The use of biomimetic stents has proven to be an area where the regulatory process can be both extensive and cumbersome. This is in part due to the fact that both the regulatory requirements of a biologic and a medical device must be considered. All biomimetic stents or drug-eluting stents (DES) are class III devices requiring the submission of a Pre-Market Approval (PMA). The Food and Drug Administration (FDA) has defined a combination product in 21 CFR § 3.2(e), to be compromised of two or more regulated components, i.e., drug/device, biologic/device, drug/biologic, or drug/device/biologic, that are physically, chemically, or otherwise combined or mixed and produced as a single entity. Biomimetic stents would fall under the regulation of a biologic/device. Depending upon the type of combination product, its approval, clearance or licensure may be obtained through a submission of either a single marketing application or through two marketing applications for the individual constituent parts of the combination product. If for example one of constituent parts of a combination product, like heparin coating is already approved for another use, the labeling of the already approved product will have to reflect it new intended use in the combination product, so the FDA may determine that two applications are necessary. The Office of Combined Products (OCP) is developing guidance documents for public review and comment addressing the factors FDA expects to consider whether a single or multiple marketing application(s) should be submitted for a combination product (FDA, accessed 4 May 2007).

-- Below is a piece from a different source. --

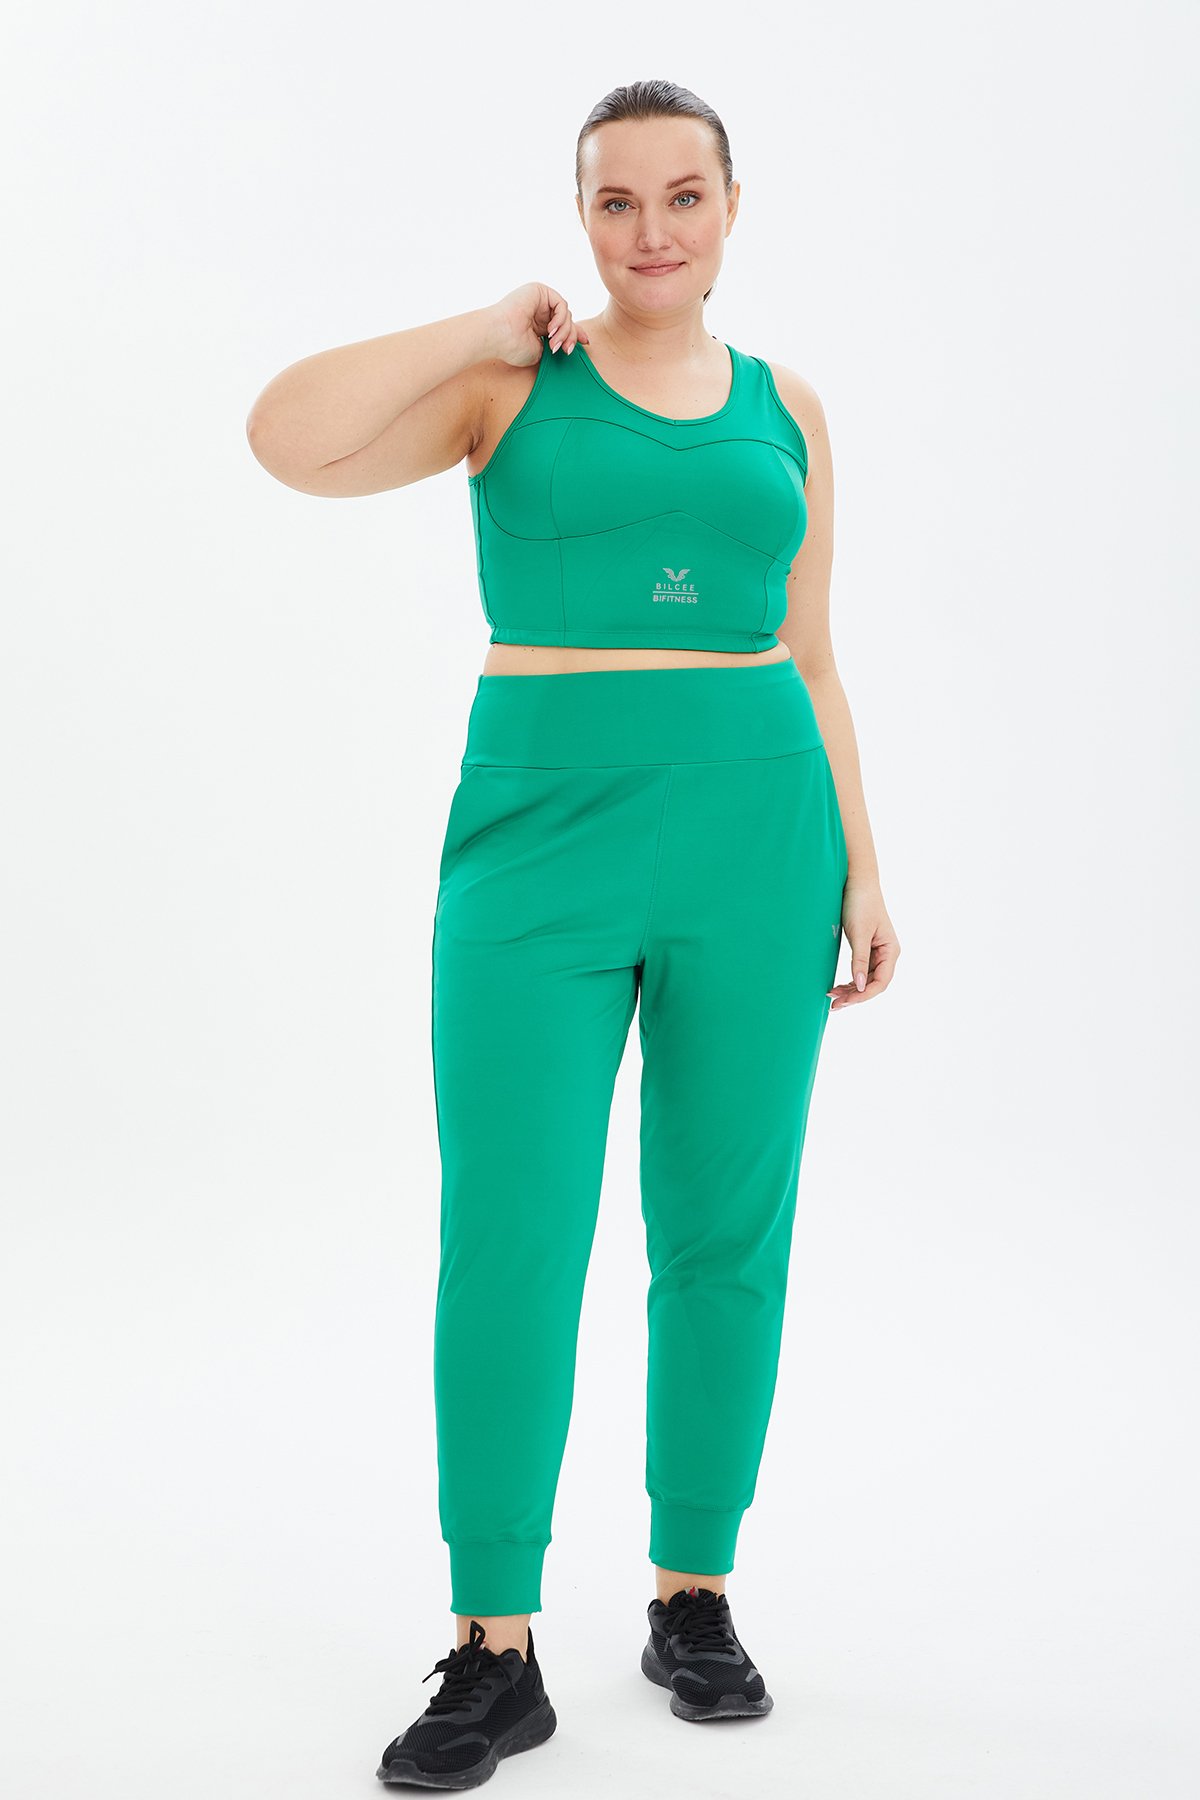 Kadın Yeşil Fitness-Antrenman Spor Fashion Crop Top Toparlayıcı Bra Sporcu Sütyeni Büstiyer 0604 - 17

There are three departments in which the FDA center can oversee a product’s regulation: Center for Drug evaluation & Research (CDER), Center for Biologics Evaluation & Research (CBER), and the Center for Devices & Radiological Health (CDRH). Of these three a company would prefer to through CDRH, because it is less stringent and easier to get a product approved and on the market. There has been a debate with the FDA as to what department is assigned for review of combination product PMA’s, this is in part the reason of the inception of the OCP. The OCP is to act under a set of defined ‘mode of action (MOA) and ‘primary mode of action’ (PMOA), in which it is to ensure the prompt assignment of combination products to agency components, the timely and effective pre-market review of such products, and the consistent and appropriate post-market regulation of combined products. The single mode of action of a combination product is that it provides the most important therapeutic action of the combination product (FDA, accessed 4 May 2007). Due to the heavy regulation of combination products many companies have opted to just provide the biologic or drug through licensing while, the device company takes on the responsibility of the combination regulatory requirements.

Industry examples of Regulatory Stents and Coating Manufacturers

The use of biomimetic and biological materials like heparin coating for anticoagulation in combination with the stent can be a powerful tool against diseases like restenosis, thrombosis, myocardial ischemia, myocardial infraction, stroke, and other coronary heart disease. This is a lucrative market in which the main players consists of Guidant (a division of J&J), Cordis, Boston scientific, Medtronic, Allvivo, Advanced Bio Prosthetic Surfaces, Biosensors International, Biotronik, Conor Medsystems, Design and Performance Corporation, Devax, Endovasc, Hemoteq, OrbusNeich, REVA Medical, Surmodics, and Translumina (Chadwick, 2006). While some of these companies are in the business of both the production and regulation of the drug or biological in conjunction with the stent, just Allvivo, Hemoteq and Surmodics are in the market for biomimetic coatings and have elected to develop only the coating and leave the stent manufacturing to others like J&J. All three companies, Allvivo, Surmodics, and Hemoteq do assist its customers with resources and support through the regulatory process and maintain their device master files with the FDA to expedite the regulatory approval of new products (Allvivo, Hemoteq, SurModics, accessed on 4 May 2007) (figure 2).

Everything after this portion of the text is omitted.